How the Particle Physics Masterclasses began

Particle Physics Masterclasses

Today, the Particle Physics Masterclasses are so well established that they seem always to have been there. As many as 10,000 school students in 37 countries participate each year at an international level. Perhaps those who are involved in these events that enthuse and inform the younger generation never wonder about how they started. But there was a time when there were no such things as masterclasses in particle physics and they had to be invented.

The start can be dated precisely: it was in a discussion between Ken Long and myself that took place during a coffee break at the committee meeting of the UK Institute of Physics (IOP) High-Energy Particle Physics (HEPP) group on 17 October 1996. We were frustrated at difficulties with outreach – or the public understanding of science, as it was then called – to schools. Particle physics had a great story to tell, with fine pictures and enthusiastic speakers, but schools were slow to respond to our offers to visit and give talks. Our words and pictures could not compete with the colour and noise of chemists and the experiments they included in their lectures. Surely it was impossible to show real particle physics in the classroom? As Ken and I talked, bits of the answer came together and more followed over e-mail discussions in the succeeding weeks:

• Rather than go to schools and talk to a dozen pupils, we would invite them to come to us, in university lecture theatres that could accommodate hundreds of people.

• A full-day event would make the trip worth their while and allow time for a range of topics and activities.

• We would run the event from local universities but consider it a national event and organize publicity centrally using the IOP.

• Most important, we would use the new computer clusters that were being installed for undergraduates but not used much outside of university term time.

The computer clusters could run serious software experiments directly related to real particle physics – participants could learn through doing. The World Wide Web, which was new at that time, could be used for distributing the programs and data. Today, we just point and click, but in the early days we had to be concerned with network speed, so the programs were painstakingly pre-loaded to each PC before the sessions.

Computer clusters

I suggested the name “Masterclasses” with some hesitation because it seemed pretentious: we were not offering one-to-one violin tuition with Yehudi Menuhin. However, it did capture something of what we were trying to do and the name has stuck. At the meeting of the IOP HEPP group committee in January 1997, Ken and I presented our plans for Imperial College and Manchester University (where I worked then), and people liked them. Christine Sutton at Oxford, Mike Pennington at Durham and Tim Greenshaw at Liverpool decided to take part.
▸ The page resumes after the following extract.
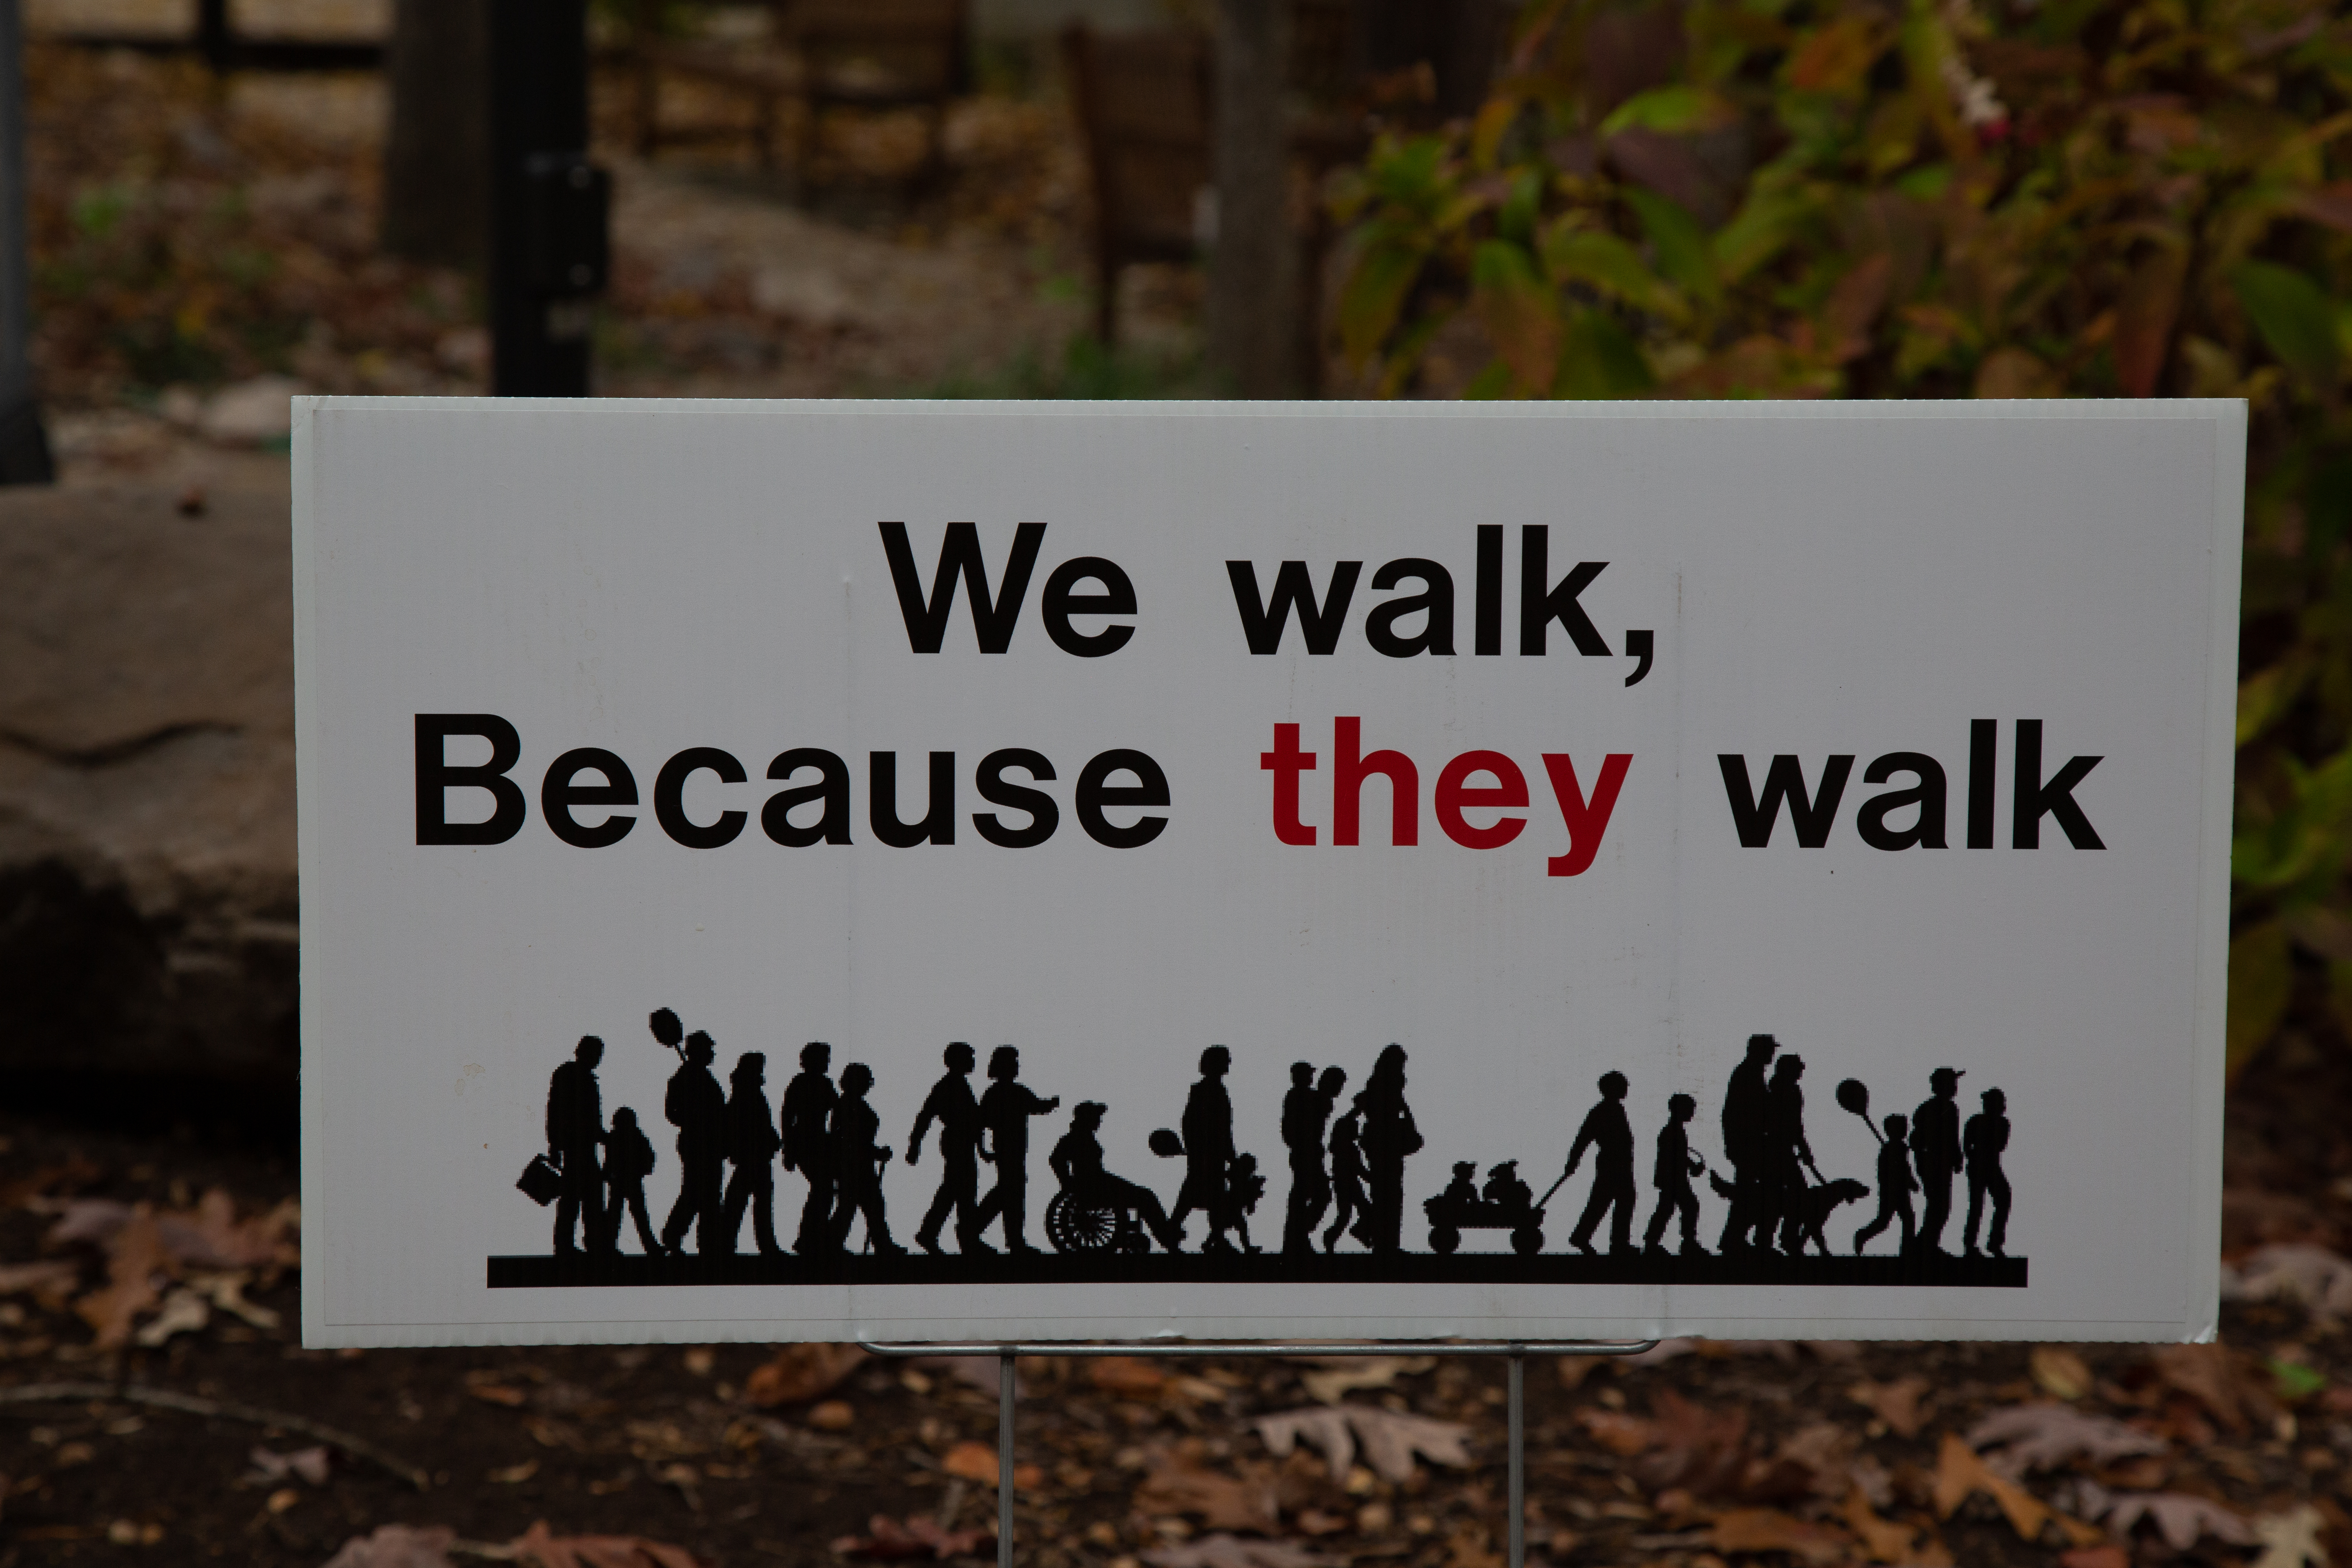 We walk, because they walk.

These were the individual enthusiasts but we also received tremendous support from many colleagues, both in the particle-physics groups and from the computing staff.

We decided that although we could not provide a big-name speaker for every session, we could distribute a video of a public session arranged as part of the IOP HEPP group conference, which in 1997 was to be held in Cambridge to celebrate the centenary of J J Thomson’s discovery of the electron at the Cavendish Laboratory. Ken arranged for video recording (with all of the legal and copyright details) of the talks given by Stephen Hawking and Frank Close. The videos were shown at the masterclasses just a few days later and each participating school was given a copy to take home.

While Ken was arranging the video, I was organizing the universities. On 13 February we had a planning meeting in Manchester, with Swansea and Lancaster joining as well. We also discussed publicity, arrangements and the provision of “goody bags” for pupils and teachers. We tried out the software, which included the Lancaster relativistic-kinematics package and Terry Wyatt’s web-based “Identifying Interesting Events at LEP”.

The real thing

Terry’s package was revolutionary in that it gave school students real particle-physics data and real tools, and asked them to make decisions. Presented with simple Z decays from the OPAL experiment at CERN’s Large Electron–Positron (LEP) collider, the students had to classify them as electron, muon, tau or quark decays, according to the patterns in the detector. The only difference from actual analysis was that such a classification would not be done by a physicist, but by a program using criteria devised by a physicist. Terry and I had spent a lot of time puzzling over the OPAL event display to understand the detector for the first muon-pair results, so I can certify that this exercise was close to real research.

Students get down to some basic physics

After the annual IOP conference in Cambridge I came back to Manchester, and the next day – 11 April – we ran our first Particle Physics Masterclass. In my journal I wrote “nice talks, kids co-operate and teachers are enthusiastic and appreciative”. The only glitch was that we under-estimated appetites and lunch ran out. We learnt our lesson and the following year we provided smaller plates. The other pilot sites were similarly positive. There was high demand from the schools – some places ran a second day – and both pupils and teachers who attended were enthusiastic afterwards.

The basis for the masterclasses was “Think globally, act locally”. It was a national campaign – we always specifically referred to it as the National Particle Physics Masterclass – with central publicity and preparation of materials. However, the shows were run by local groups, in their own way and with local variations. They could plug their own institution as much as they pleased – the Oxford website managed to include the word “Oxford” six times on one small page – and adapt the material freely, using events from the DELPHI experiment, rather than OPAL, for example.

The scheme was written up in the HEPP group newsletter (January 1998), stressing what we saw as the key parts of the scheme:

• It is not just talks. Using PC clusters can get the participants involved in an activity that is not far from real research.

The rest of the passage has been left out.